In case we want to use pointers, but don't want the original variables to be changeable, we can also declare the pointers as const. This can be added either as a prefix before the asterisk, for a pointer that can't change the original value (e.g. const int *a; or equivalently int const * a), or as a suffix after the asterisk, in order to specify a constant pointer fixed to one variable (e.g. int * const a;). Both of these const types can be combined for a fixed pointer that can't change the variables' value (e.g. const int * const a;).


In the previous example, the original pointer remained unchanged after the function call, since it was copied as input to the function. If we wanted to change the pointer with a function, we could've called it by reference (writing int * &ptr as function input) or used a pointer to said pointer instead. Pointers to pointers are declared simply by adding a second asterisk, e.g. int *a; int **b = &a;.

Lastly, it should be mentioned that there's a pointer type with unspecified underlying data type: void pointers. While these allow for more flexibility, since they can point to any data type, they also can't be dereferenced, since they don't carry the information of the size of a variable's memory block. However, the void pointer can be converted to point to the desired data type. Example:
#include <iostream>

int main()
{
	int a = 123; char b = 'b'; float c = 3.14;
	void *p = &a;				//Declare void pointer, initialize to the address of integer a.
	std::cout << *(int*)p << "\n";		//Convert void to int pointer, in order to dereference.
	p = &b;
	std::cout << *(char*)p << "\n";		//Convert void to char pointer.
	p = &c;
	std::cout << *(float*)p;		//Convert void to float pointer.

	return 0;
}
Output:
123
b
3.14 

Namespaces
Variables have varying accessibility, depending on where they are defined. When declared outside of any block, they are globally accessible by name. In contrast to this, variables declared inside blocks (e.g. function definitions) are only visible there and can not be accessed from outside the block. Namespaces pose a middle ground to these cases: While variables or functions declared in namespaces are globally accessible, they can not directly be called by their name, without specifying the namespace that contains them. Example:
int a = 1;			//a is a global variable

namespace N {
	int b = 2;		//b is in namespace N and can be accessed by N::b globally.
}

void foo() {
	int c = a;		//c is a local variable. Since a is globally accessible, c=1.
}

int b = N::b + 1;		//Global variable b, different from the one declared in namespace N.
// "int b = c" would not have worked, since c is only defined inside the function foo()
If we want to make a variable or function declared in a namespace directly accessible outside of it, the keyword using can be applied. When the whole namespace is to be included, we can write using namespace.

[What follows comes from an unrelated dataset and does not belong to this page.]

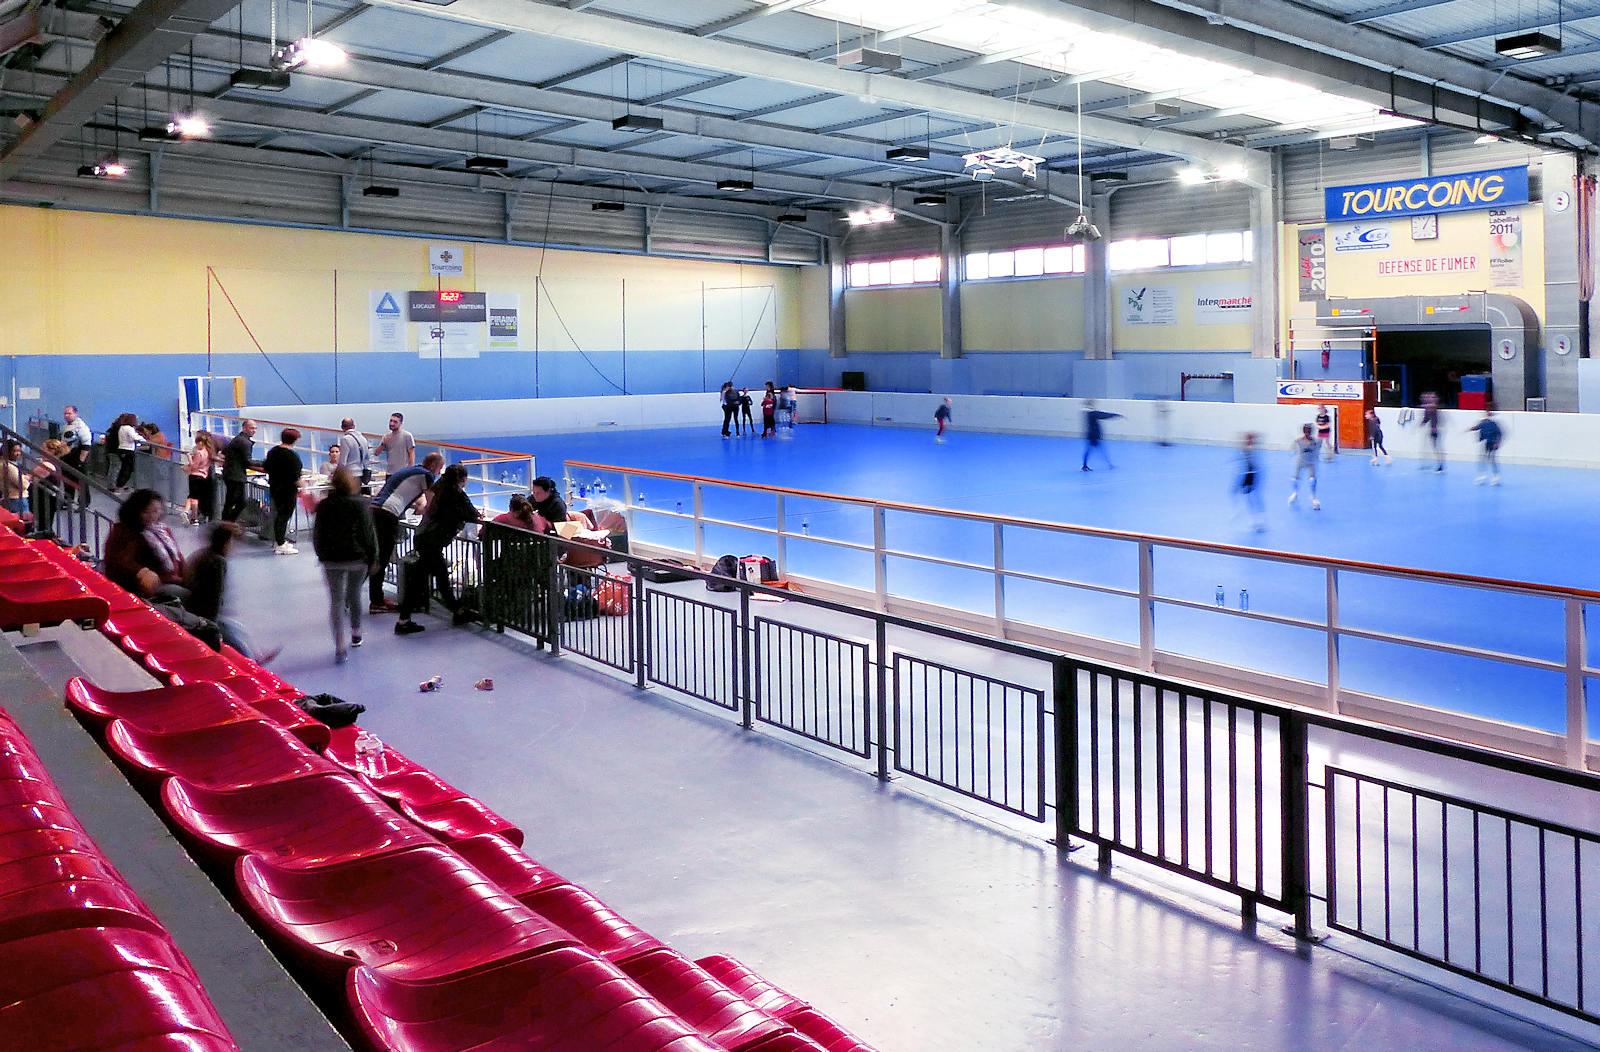 La salle de patinage artistique sur roulettes

Example:
#include <iostream>

namespace N {
	int b = 2;
	int c = 3;
	void foo() {
		std::cout << 1234 << "\n";	//Prints 1234 onto console and starts new line.
	}
}

int main() {
	using N::foo;				//Declares function foo outside of namespace N.
	foo();					//Executes function foo. No scope resolution operator :: required.
	using namespace N;			//Includes the rest of the declarations in namespace N.
	std::cout << b << ", " << c << "\n";	//Prints b and c to the console.

	return 0;
}
Obviously, one has to act very carefully, when including large namespaces with lots of commonly used identifiers, since sloppy use can easily lead to name collisions.